2.3. Sampling Methodology

The study was carried out in the morning, during the lunch break or coffee break, approximately between 10:00 a.m. and 2:00 p.m., for a total time of about 45 min for each campaign. A total of four sampling campaigns were carried out, three in dry weather conditions and one in rainy conditions. The experiments were carried out over nine different days. A total of 17 static, 8 dynamic, and 9 background samplings were available for analysis.
Some students (about a dozen) collaborated on the first analysis; they presented themselves for the analysis to “smoke a cigarette” and therefore to contribute to the research. It should be noted that the students showed up non-continuously in the time necessary for the analysis, and contributed in part to the surveys (often smoking a cigarette takes less than 2 min). The data collected during the campaign in which the volunteers are present were useful for comparing the values relating to a large number of smokers with respect to conditions in which the number of smokers is variable and random.
The study was not carried out with a planned number of smokers in order to evaluate PM concentrations under real conditions. The samplings were carried out with a minimum number of smokers of 2 and a maximum of 10 at the same time. The number was calculated in terms of the presence of active smokers below the covered area without taking into account their distance from the position of the instrument. It is assumed that such variability in the number of smokers would be representative of real-world conditions during normal days at the university.

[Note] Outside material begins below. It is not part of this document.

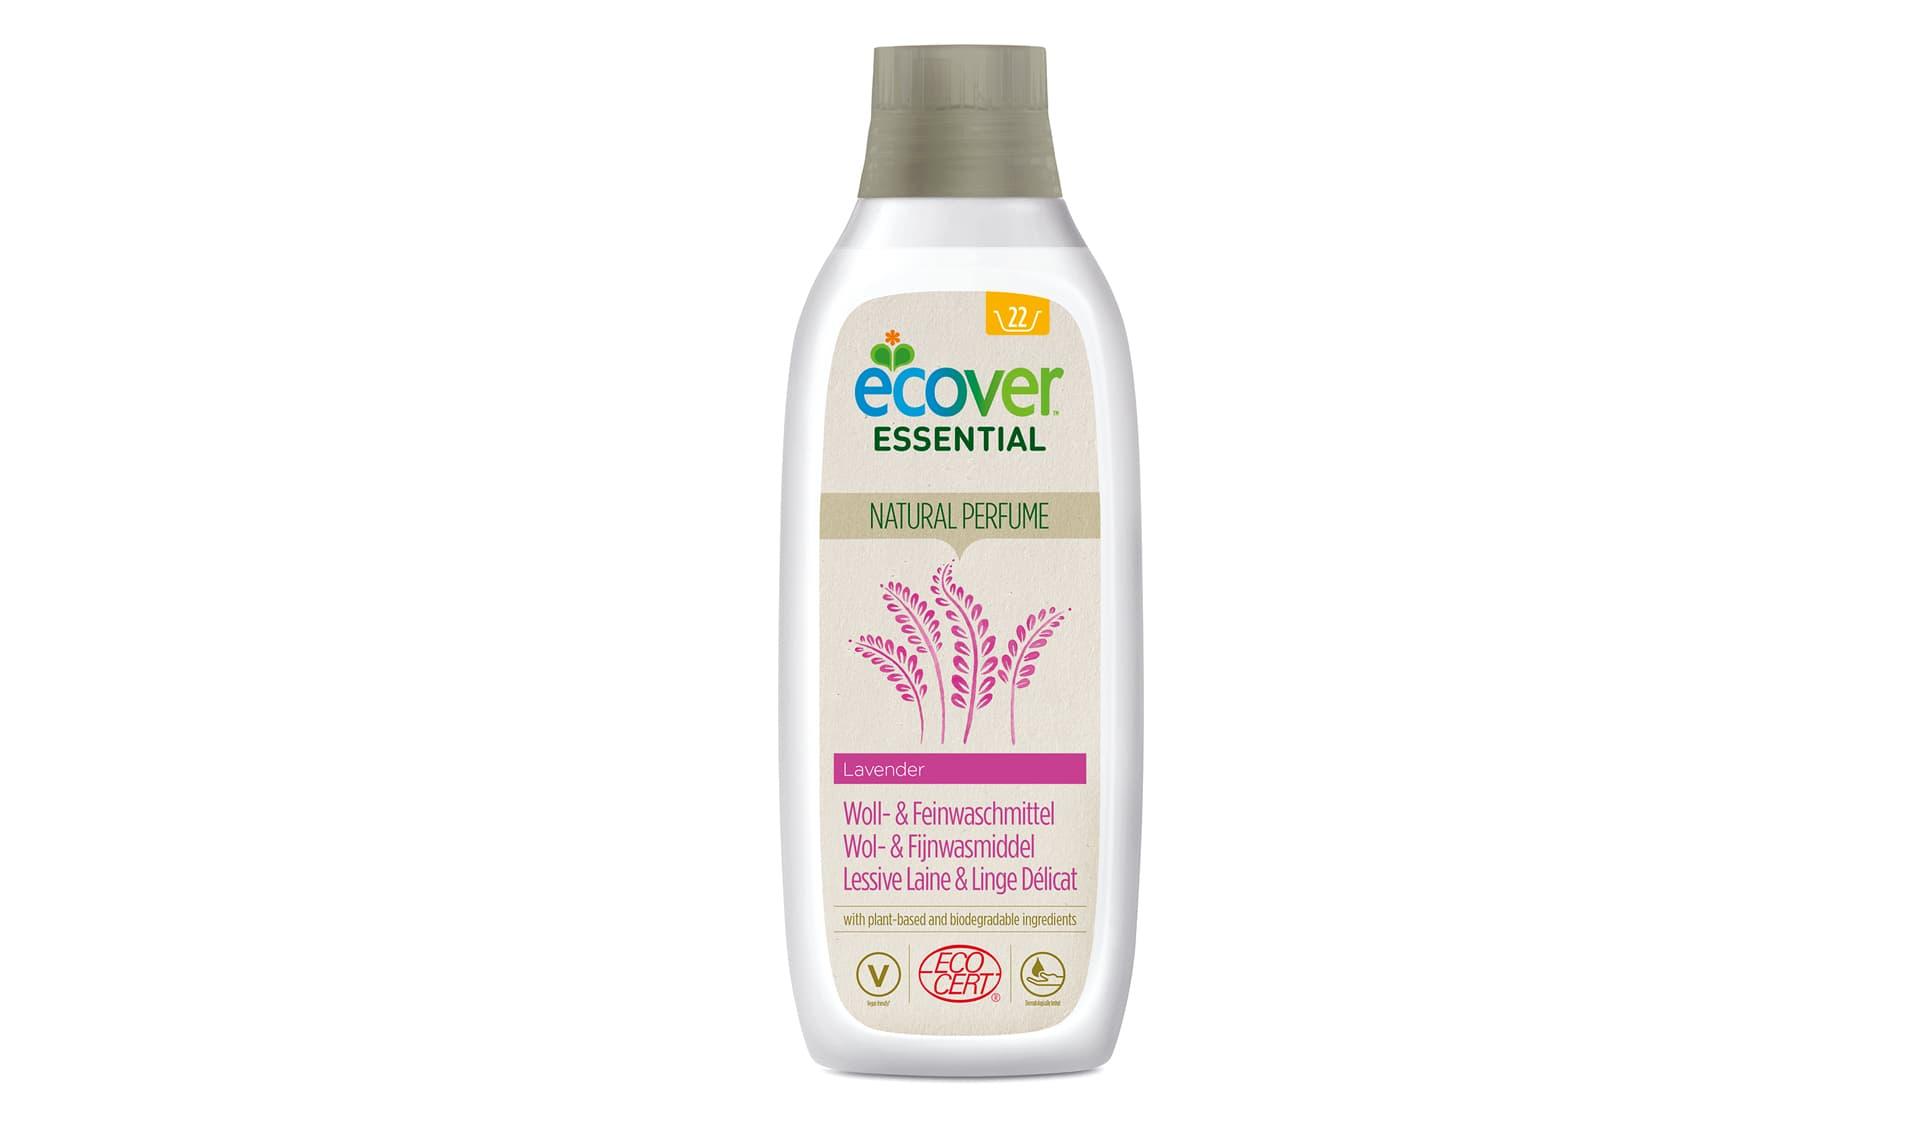 Ecover (www.ecover.de) Essential Woll- und Feinwaschmittel

Measurements were made for a maximum duration of 3 min, collecting the concentration values every 6 s. The start and end of each measurement session never coincided univocally with the start and end of the detections. The distance of smokers was always more than 1.5 m from the dust analyzer and the exhaled smoke has never been conveyed directly to the instrument nozzle.

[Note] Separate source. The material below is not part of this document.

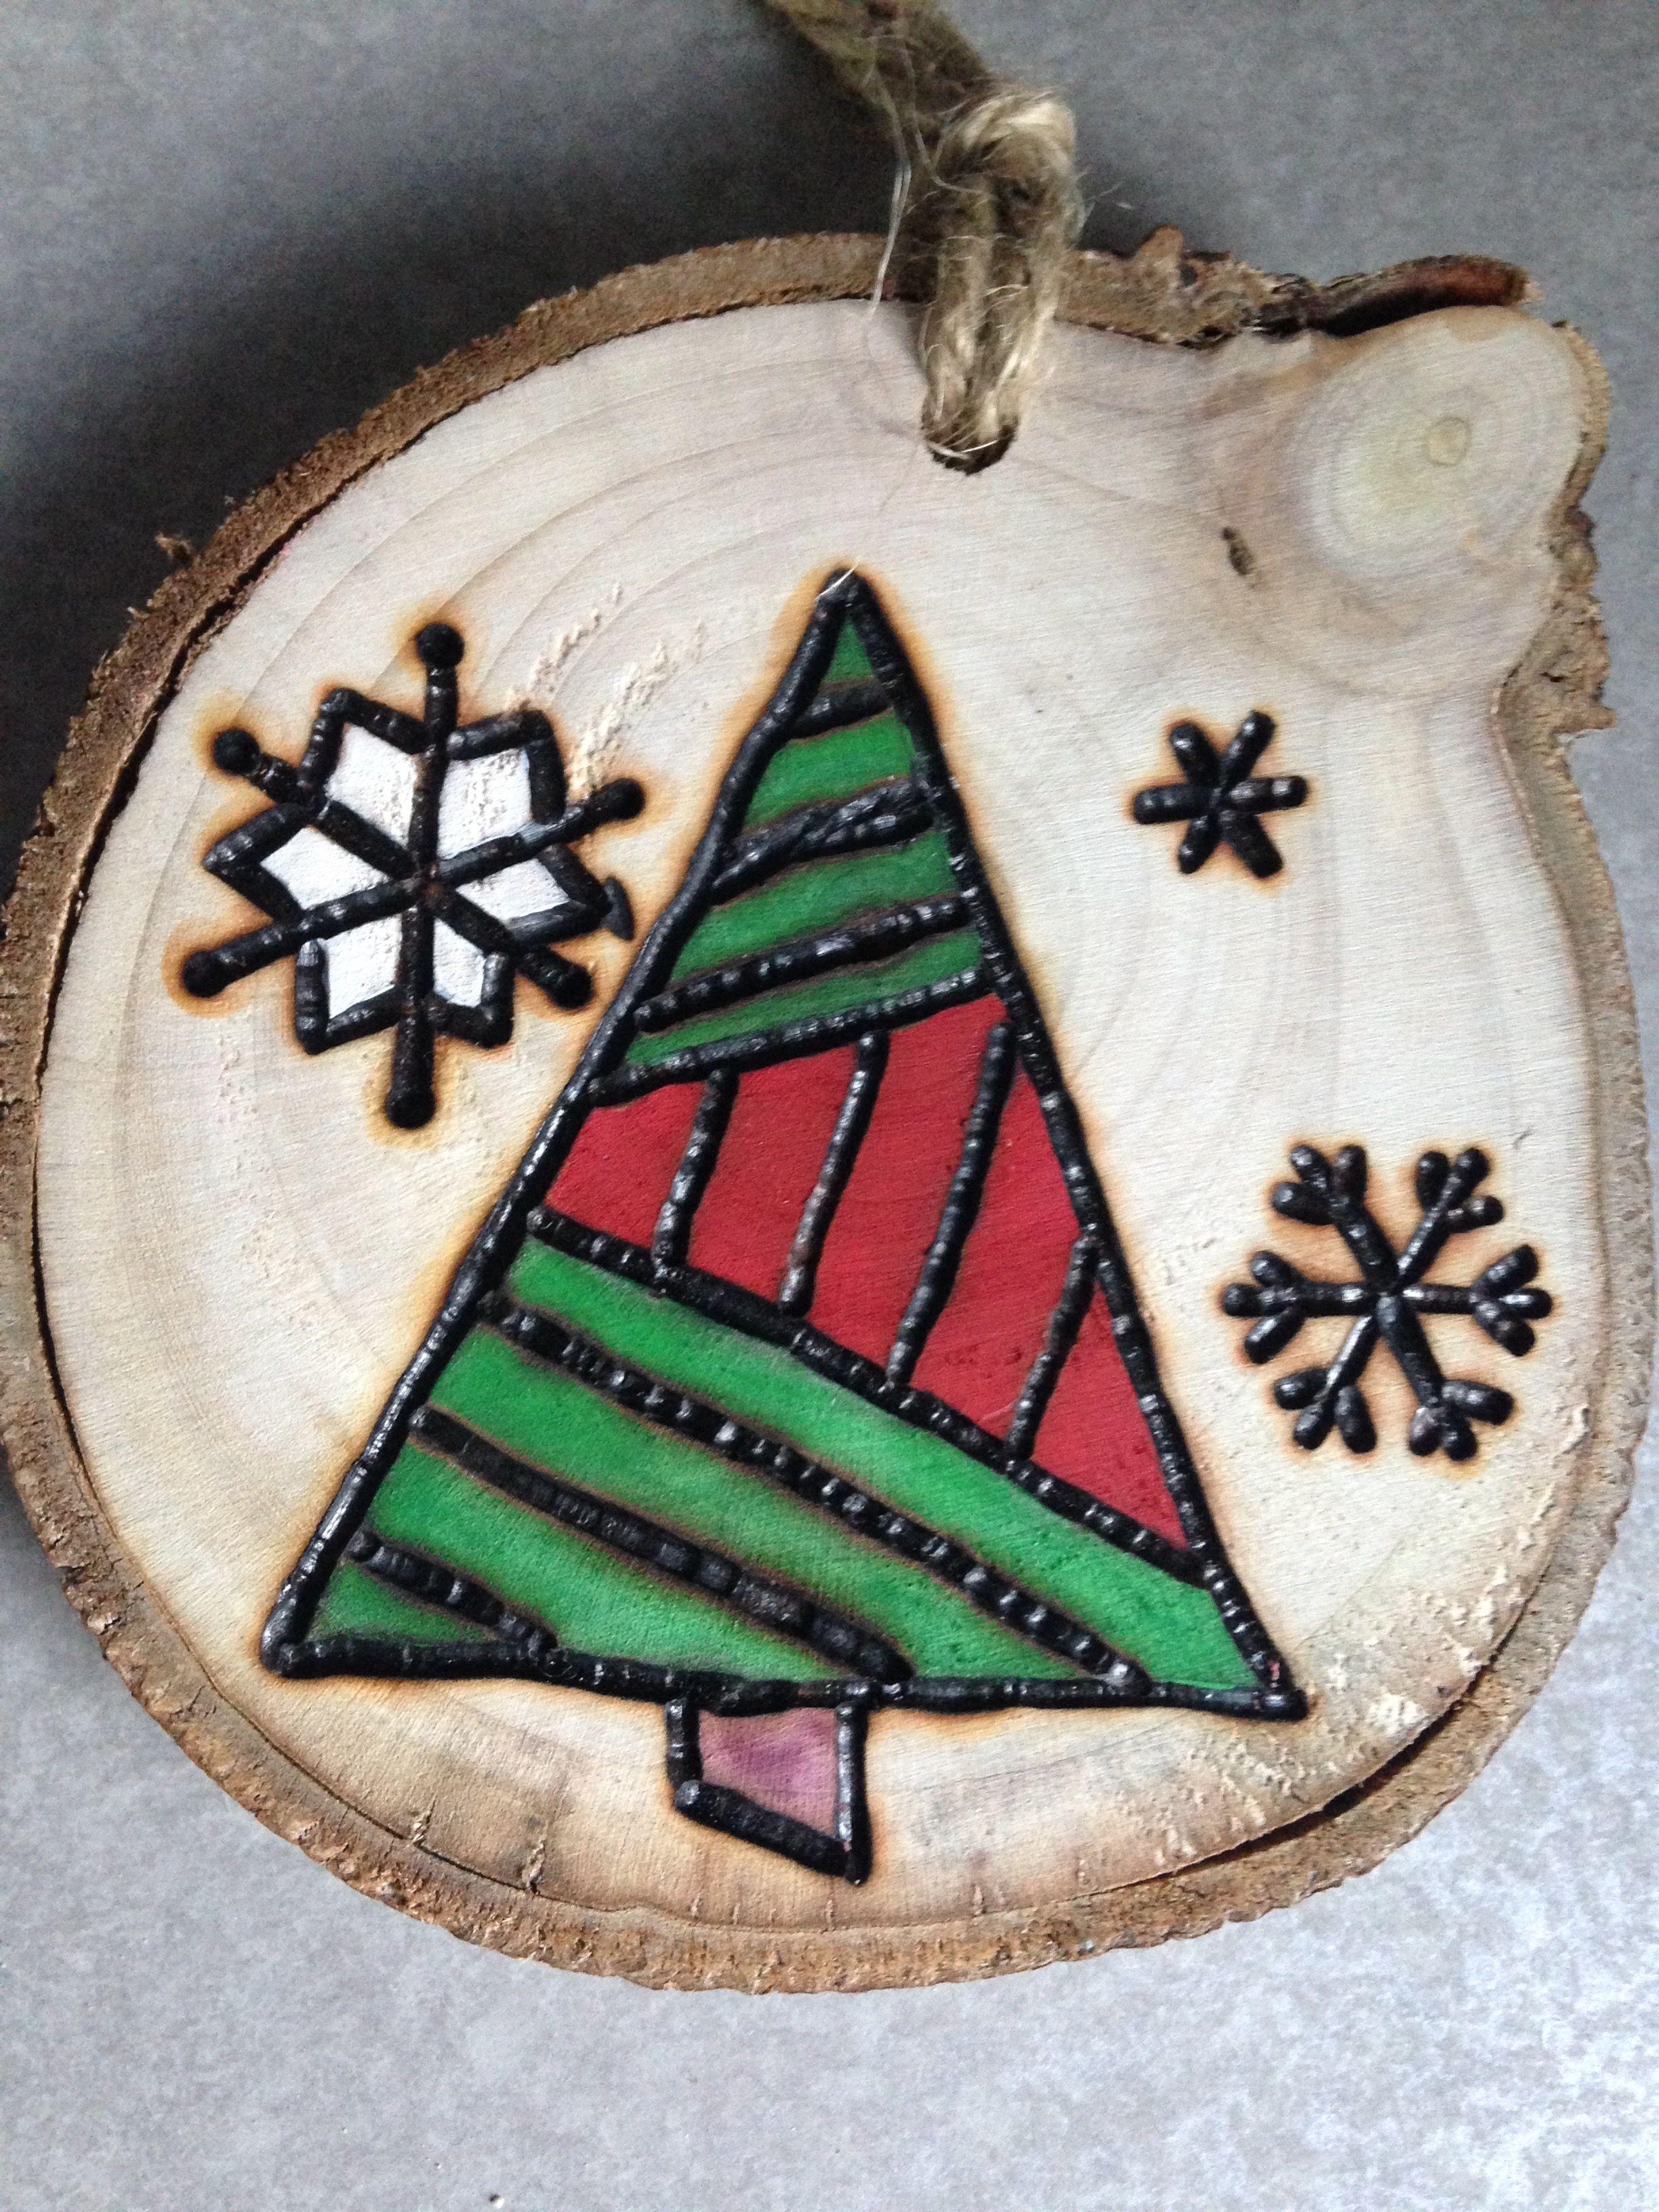 Rustic Tree Hand Painted Wood Burned Christmas Ornament

The dust analyzer was fed by its battery and remained on the right shoulder of a 1.80 m tall operator at a height of not less than 1.50 m. Cigarettes were not discriminated by type, and e-cigarette smokers were also sometimes included in the number of smokers. This choice is supported by the occasional presence of e-cigarette smokers during the surveys and by the fact that the exhalation of e-cigarette smoke represents a non-negligible source of PM2.5, polycyclic aromatic hydrocarbons, volatile organic compounds, metals and ultrafine particles [24].
The results obtained were analyzed in terms of average, minimum and maximum concentration, evaluating the influence of the maximum number of smokers present during the sampling. The most important value relates to the average concentration, as it represents the factor that can be compared to the guideline value of 50 µg m−3 for the 24 h mean PM10 concentration provided by the WHO [20]. It is important to consider that the exposure episodes investigated in this paper only contribute to the average daily exposure of the participants, since such episodes occur for short periods of time and could not be considered as representative of the whole daily exposure of the participants. However, acute exposure to PM concentrations is expected to cause both respiratory [25] and cardiovascular issues [26].
During the days with dry weather, the average temperature was 17 ± 2 °C, in the absence of wind. The relative humidity was 63% ± 3%, and the atmospheric pressure was equal to 1019 ± 1 mbar. During the rainy day, the temperature was 11.8 °C, with a 77% relative humidity. The wind speed was 3.2 km h−1, with a daily precipitation of 4.3 mm. The test was carried out during a rainfall episode.
During each campaign, lasting between 2 and 5 min, a total of 7 sampling points were set (Figure 1):
  • the first point (A) was set at a distance of about 4–5 m from the entrance, laterally from the entrance door;
  • the second point (B) at a distance of about 2 m from the entrance, always laterally from the entrance door and under the canopy;
  • the third point (C) was set out immediately in front of the entrance, leaving room for passage;
  • the fourth point (D) was located in the area between the two entrance doors of the building (semi-internal area), where smoking is forbidden;
  • the fifth point (E) was located inside the building, about 4 m from the entrance, with the doors kept open;
  • the sixth measurement session (F), unlike the previous ones, was performed in motion, at about one step per second, in front of the entrance, under the canopy and between the smokers;
  • the last point G was chosen to represent the environmental background, i.e., the measurement of PM10 and PM2.5 was carried out in the area outside the canopy (about 5 m away), with no smokers within 4–5 m. This last analysis is important as it allows obtaining a reference value to estimate how much the results recorded by the analyzer deviated from the background value of the environment.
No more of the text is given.